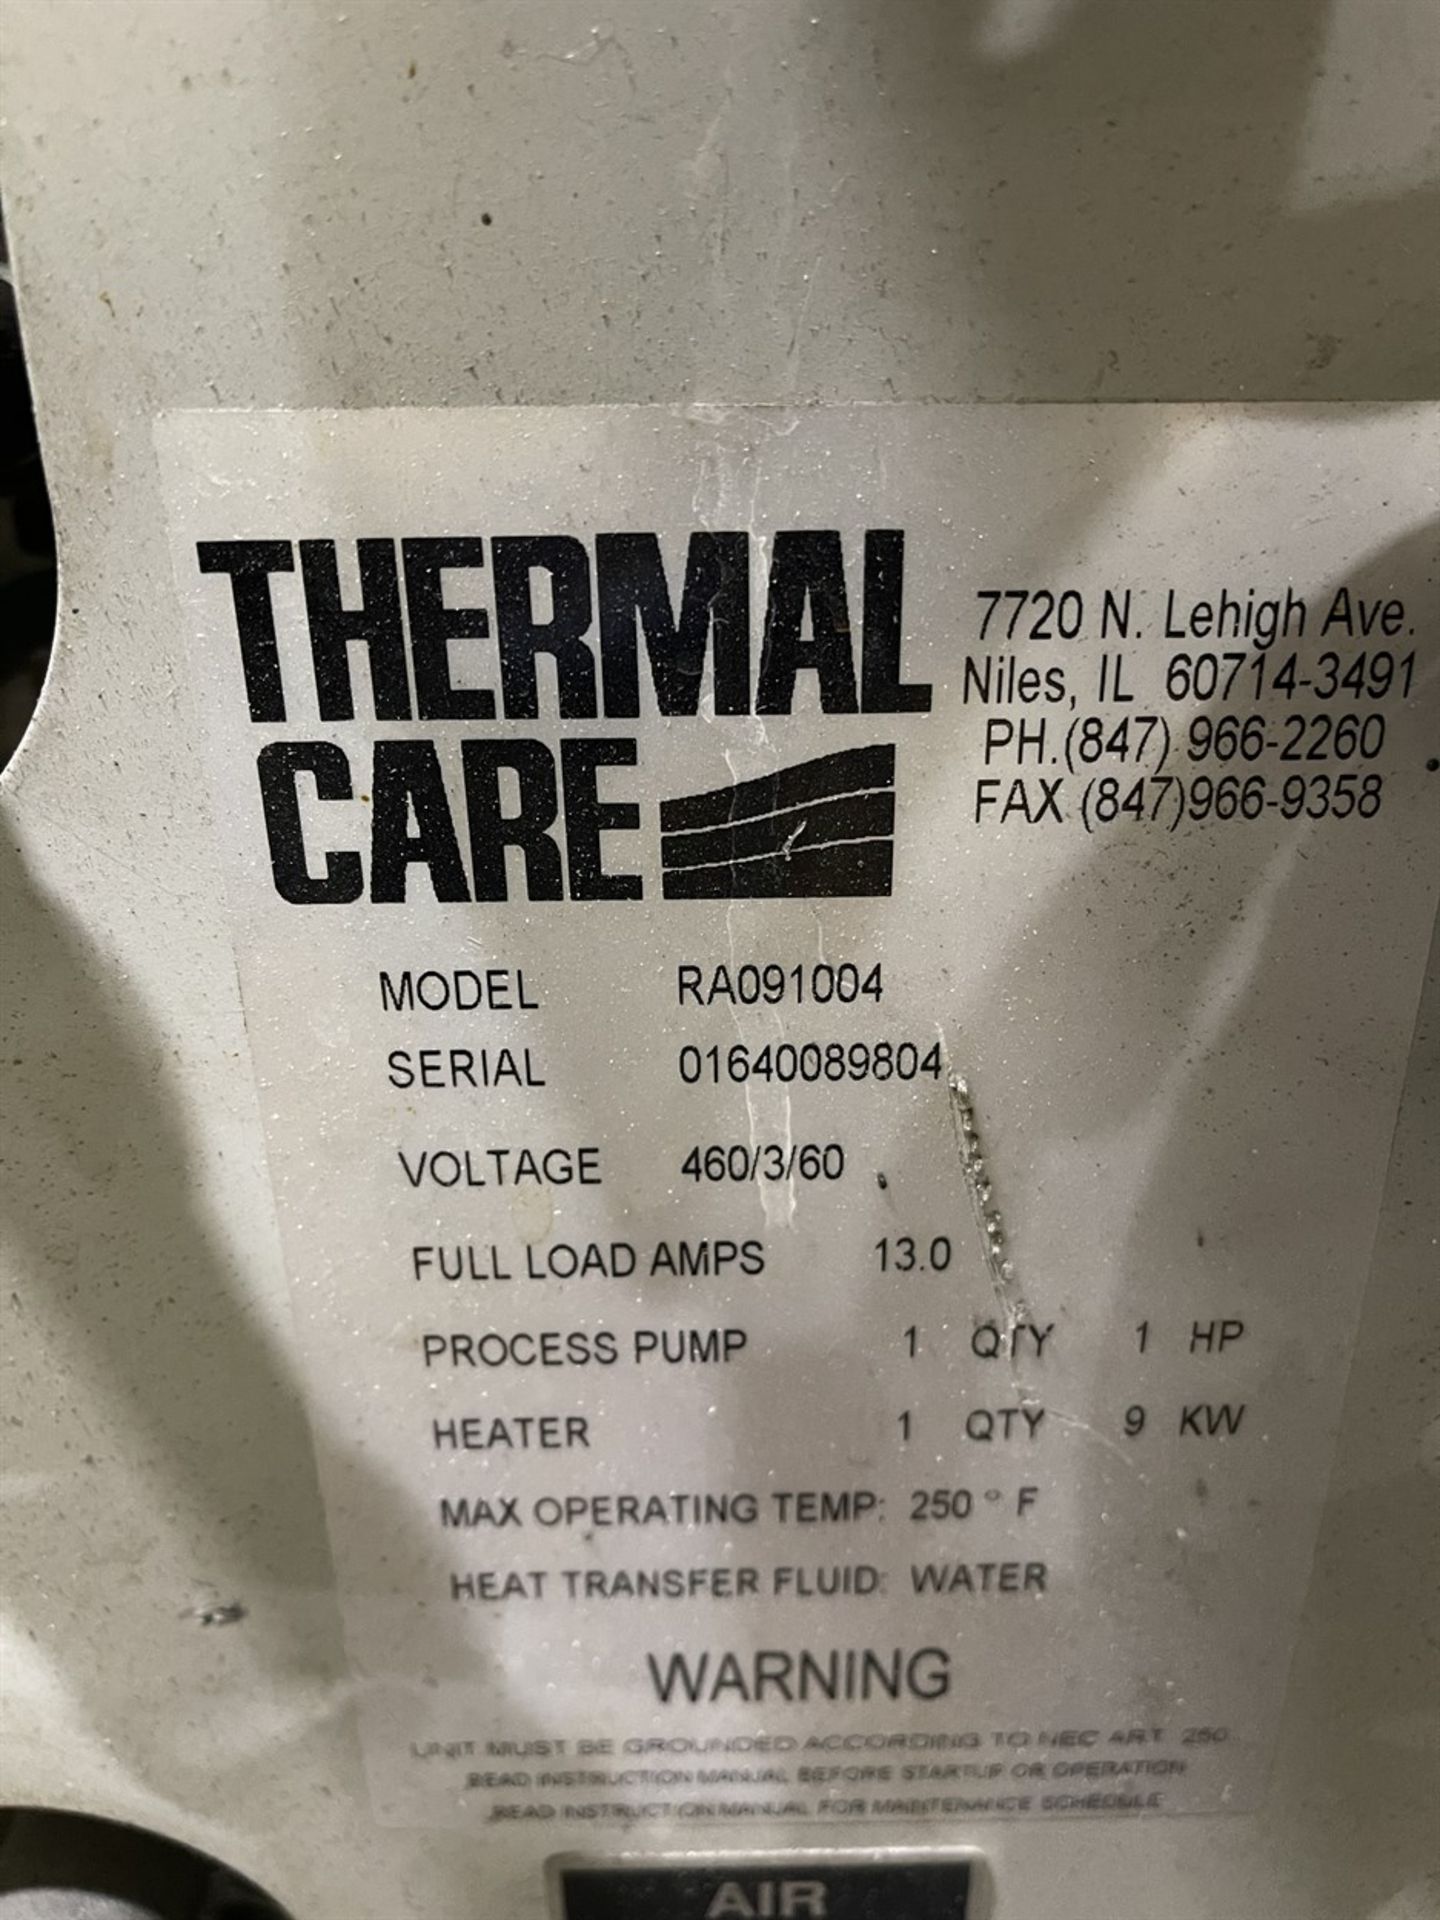 THERMAL CARE Aquatherm RA091004 Temperature Controller, s/n 01640089804 - Image 3 of 3
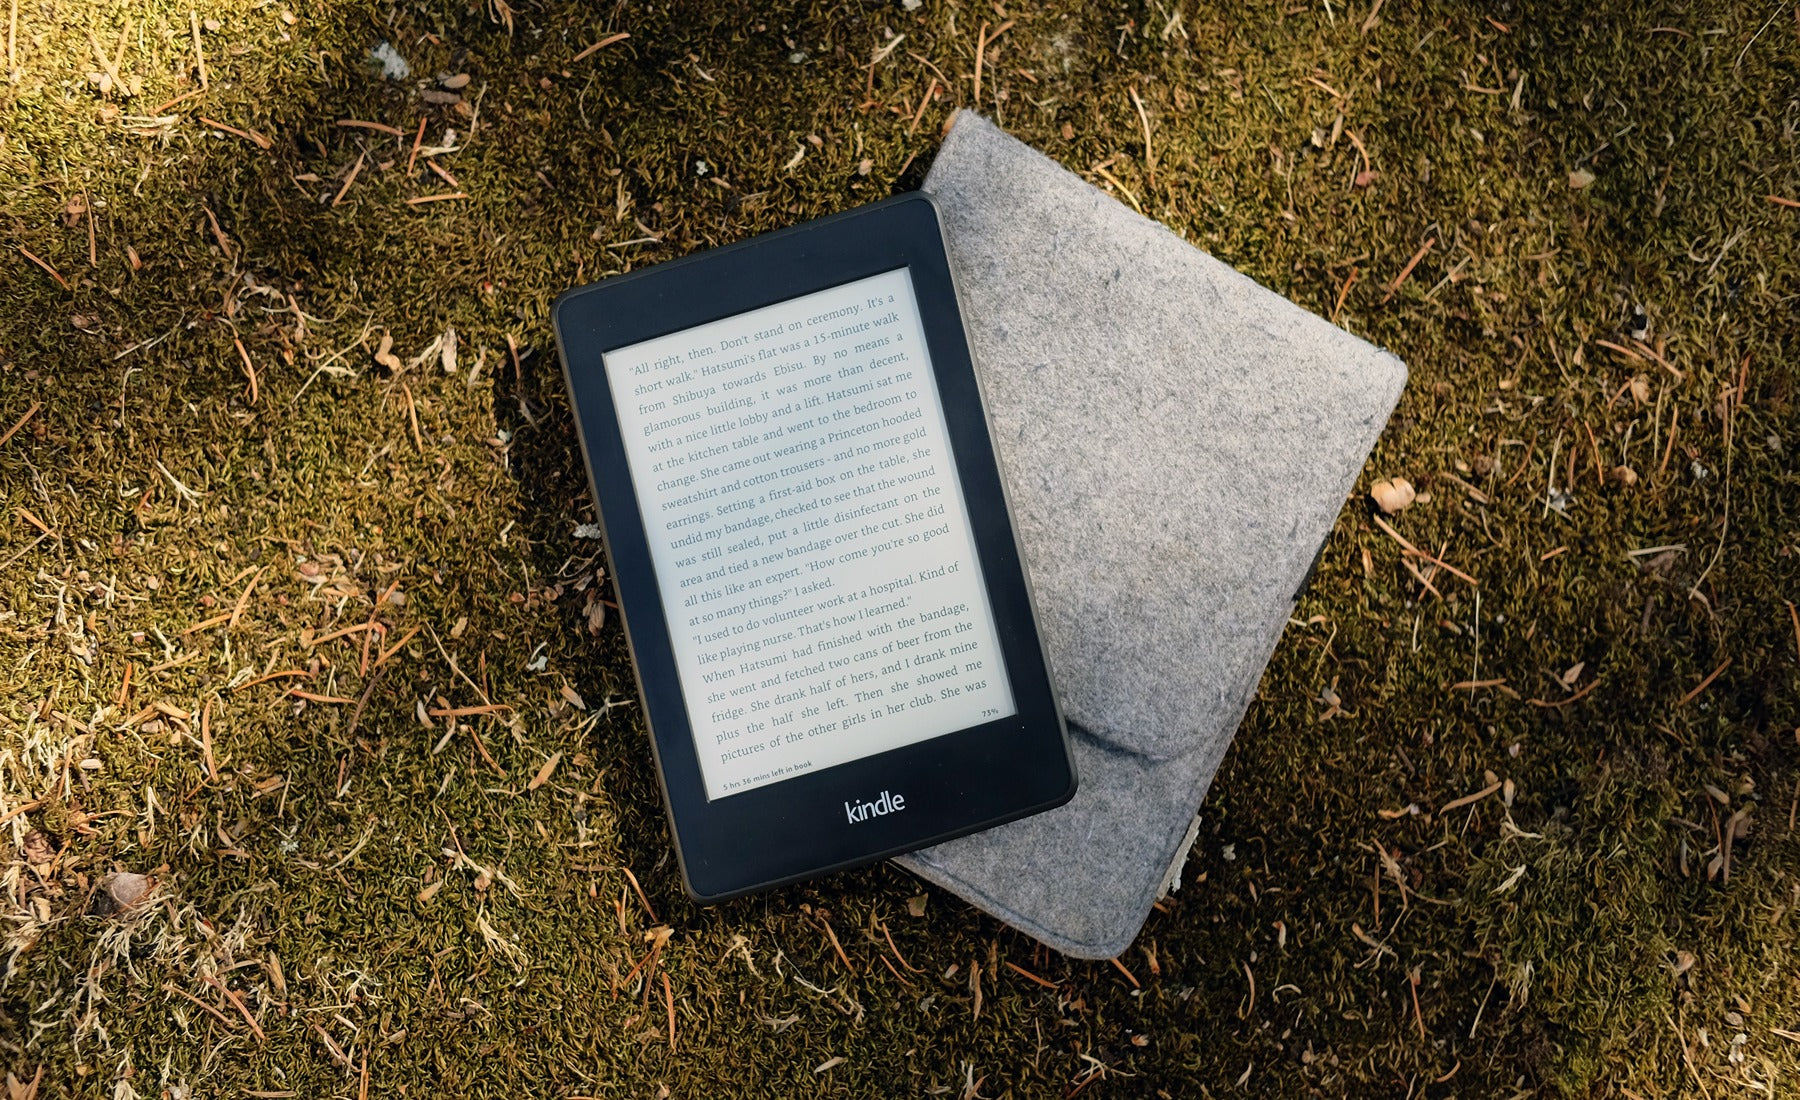 Best Kindle to Buy in 2020 -  Kindle Reviews
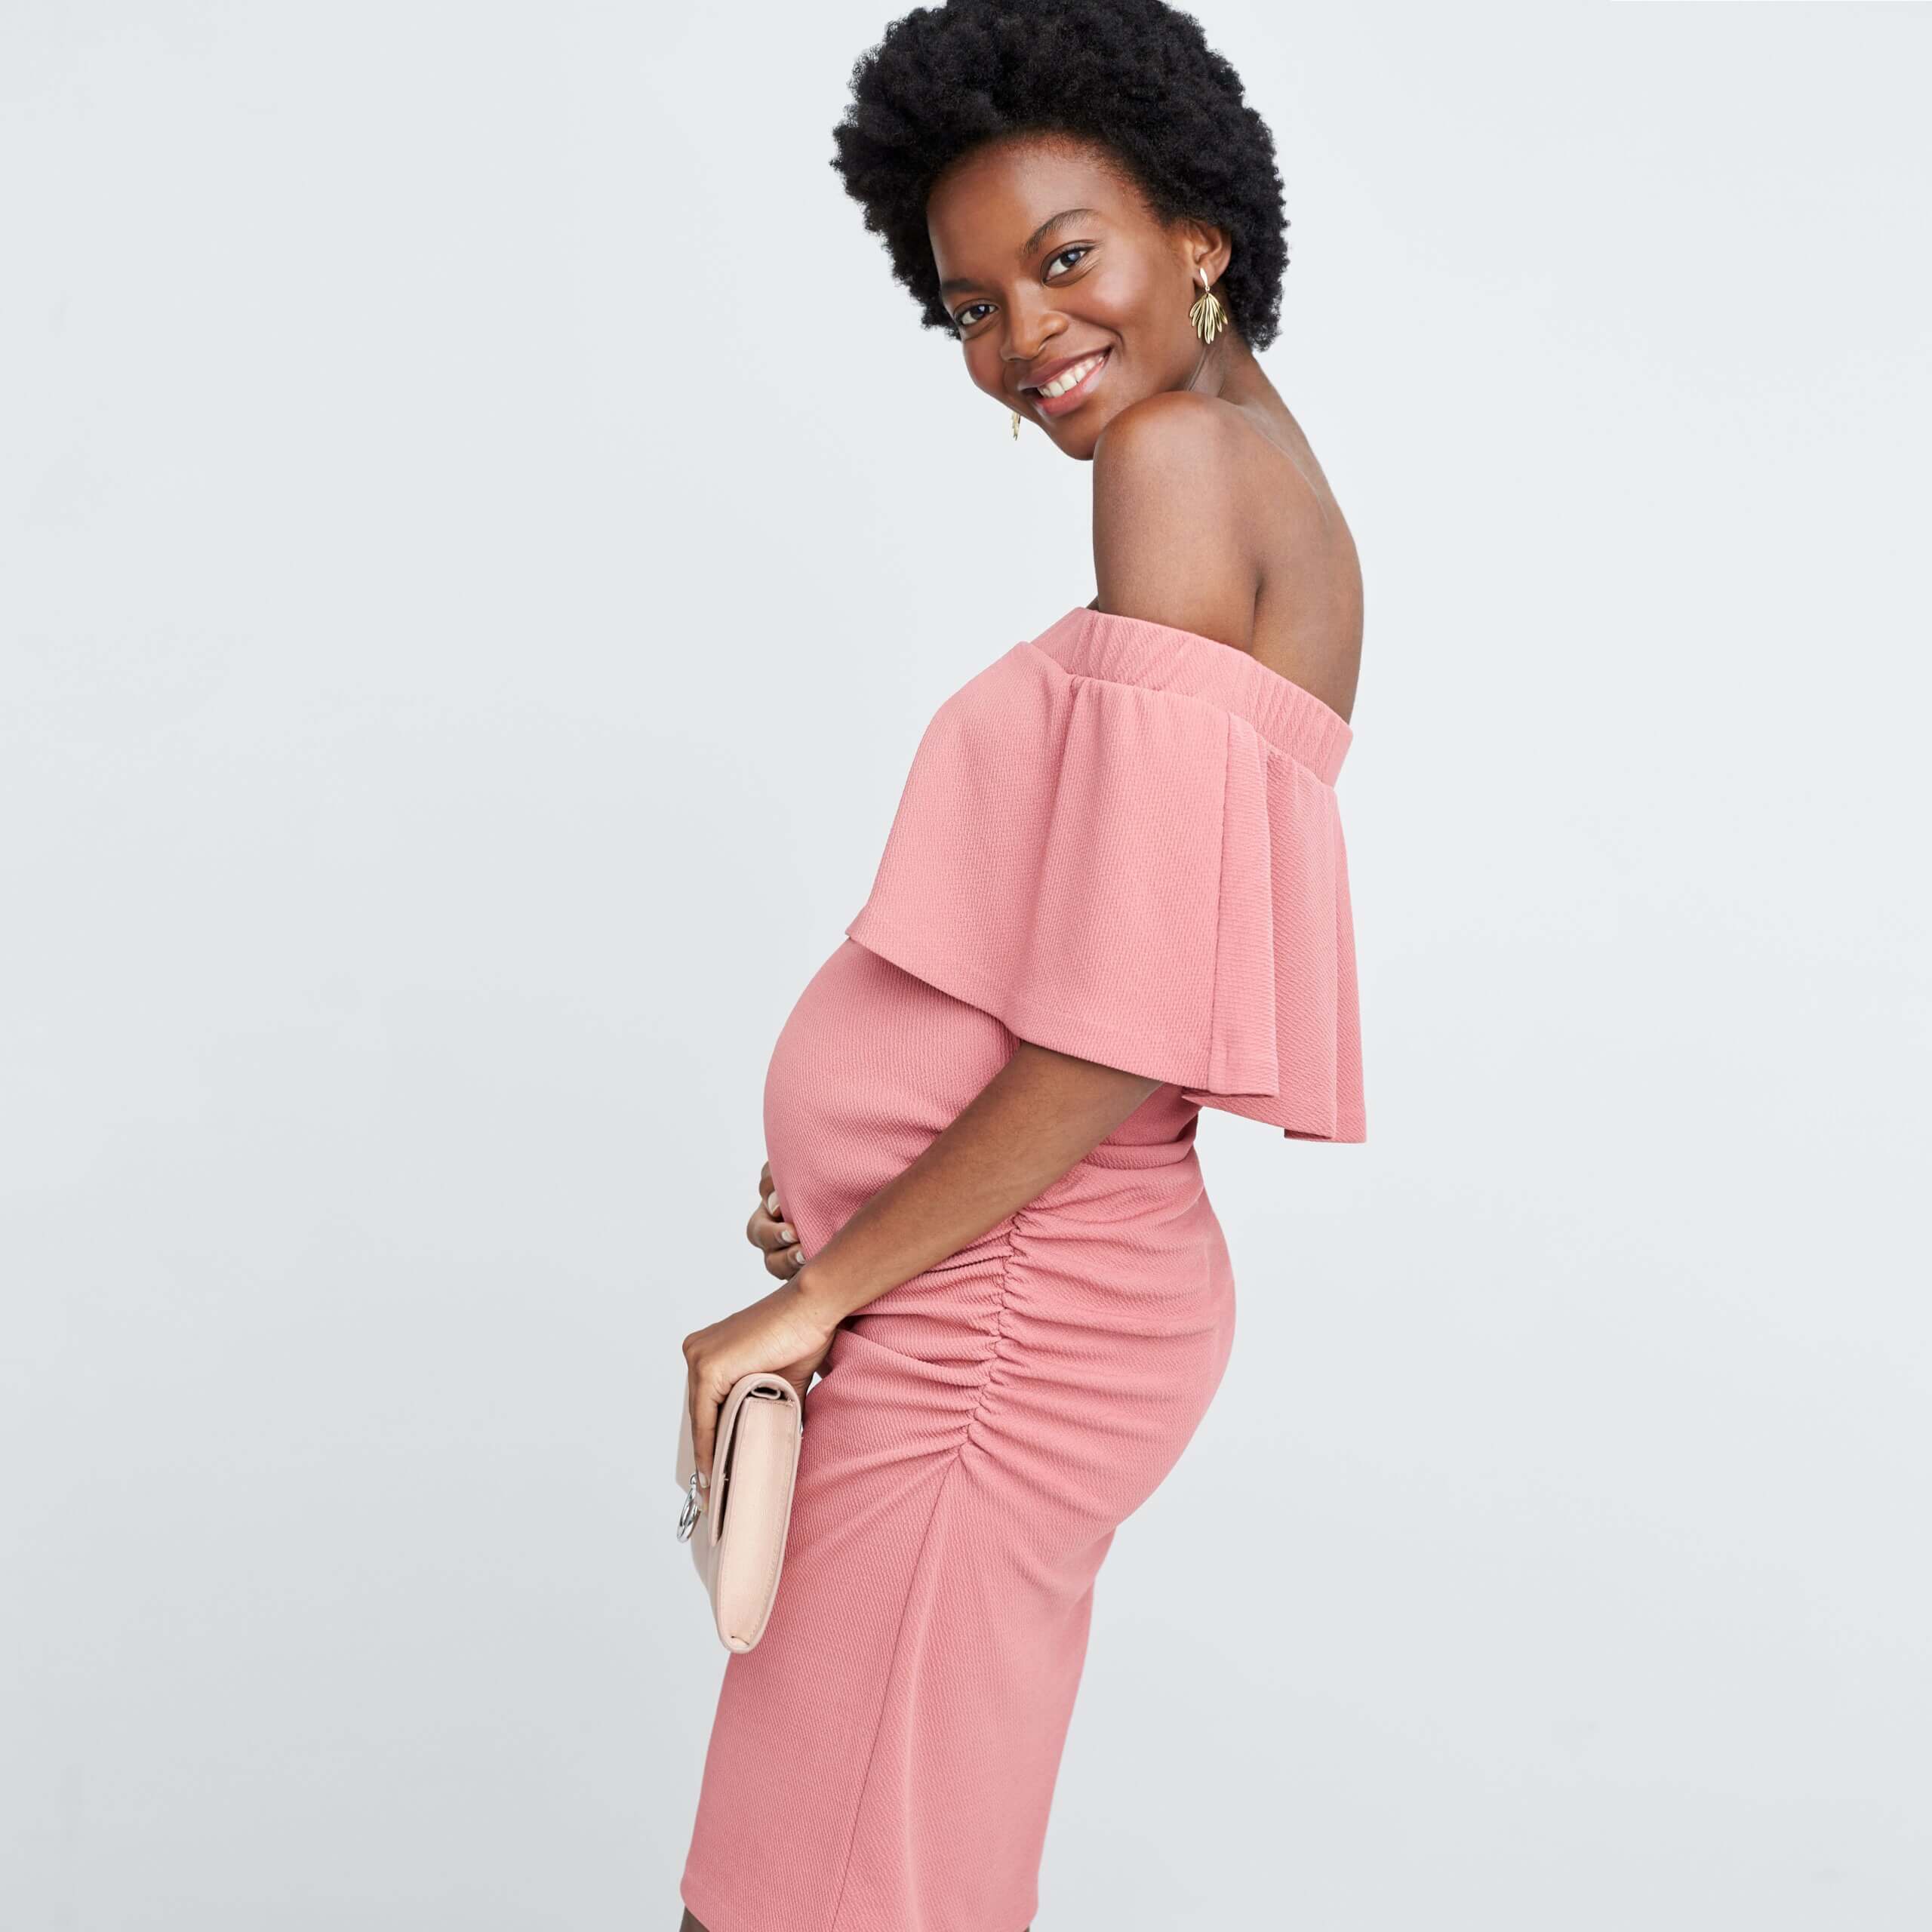 How To Pick The Best Maternity Dress & Feel Confident When Pregnant

++++++++

_What is needed:_ If a picture falls within the span, leave it out, and reproduce exactly the lines from the one containing "Best Kindle to" through the end of the material, and no others.

_Output:_
 Best Kindle to Buy in 2020 -  Kindle Reviews
 How To Pick The Best Maternity Dress & Feel Confident When Pregnant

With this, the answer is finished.